В следующей за «Оттепелью» литературной работе Эренбург вернулся к давним (еще 1915 года) переводам из Франсуа Вийона и заново перевел отрывки из «Большого Завещания» и ряд баллад, а также написал статью о французском поэте (Иностранная литература. 1957. № 1). Это, наряду с эссе «К рисункам Пабло Пикассо» (Иностранная литература. 1956. № 10), положило начало его «Французским тетрадям» – книге эссе и переводов 1955–1957 годов.
Замысел собрать французские переводы и статьи о писателях и художниках Франции под одной обложкой возник, по-видимому, в самом начале 1957 года, когда две статьи из будущего сборника уже были напечатаны в журнале «Иностранная литература». В феврале 1957 года Эренбург написал для третьего выпуска альманаха «Литературная Москва», который вскоре запретили, рассыпав его набор, статью «Импрессионисты» (незадолго до того полотна этих французских художников наконец выпустили из запасников наших музеев, и они очаровали новые поколения поклонников живописи). А 22 марта 1957-го Эренбург закончил «Уроки Стендаля» и принялся за статью «О некоторых чертах французской культуры» (она стала, по существу, развернутым предисловием к «Французским тетрадям»). В сентябре 1957 года рукопись книги была готова и сдана в издательство «Советский писатель».
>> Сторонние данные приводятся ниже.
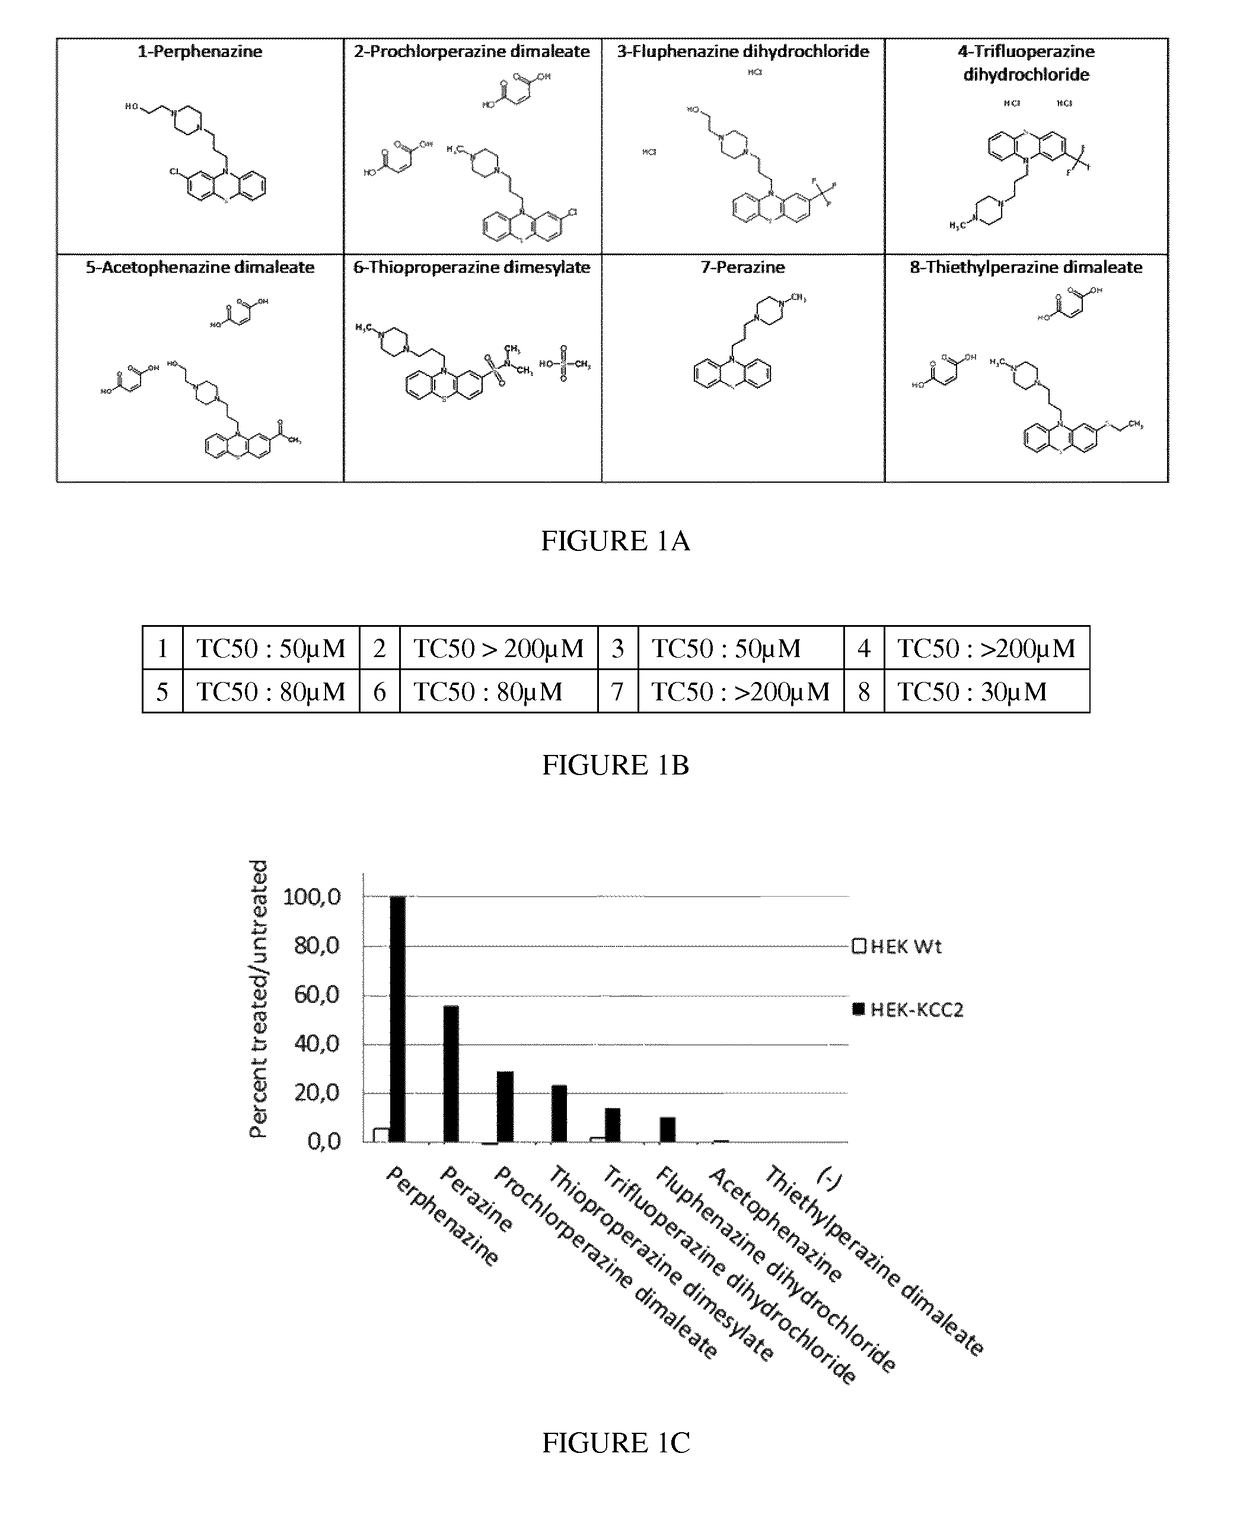 Piperazine phenothiazine derivatives for treating spasticity

«Французские тетради» естественно вписываются в литературную работу Эренбурга 1950-х годов, занимая в ней существенное место. Писатель был твердо убежден (на внешний взгляд, может быть, и несколько наивно), что в стране, где уничтожена религия, лишь искусство может возродить нравственность и, как он говорил, реабилитировать совесть. Отсюда его каждодневная настойчивая борьба за право искусства быть самим собой, независимо от того, что думают на сей счет невежественные партократы. Даже в самые мрачные сталинские годы Эренбург делал все, что позволяли его тогдашние возможности, чтобы не были наглухо перекрыты каналы связей с западной культурой; он никогда не скрывал своих вкусов и неизменно добивался, чтобы имена Пикассо и Матисса не вычеркивались из его выступлений. Так, еще в статье «Писатель и жизнь» (1951) Эренбург, вспоминая о встрече с Анри Матиссом (чьи полотна, естественно, были тогда в СССР под запретом), привел его рассказ о том, что есть подлинное искусство, а что – лишь пошлая подделка под него, – и это напечатали! В послесталинское время, несмотря на отчаянное сопротивление влиятельных блюстителей чистоты соцреализма в советском искусстве, поле просветительской деятельности Ильи Эренбурга значительно расширилось. Поколение, сформировавшееся в СССР в шестидесятых годах XX века, многим обязано Илье Эренбургу в своем культурном развитии. Заинтересованное читательское внимание неизменно сопутствовало этой эренбурговской работе, равно как и злобное «непонимание» охранительной критики.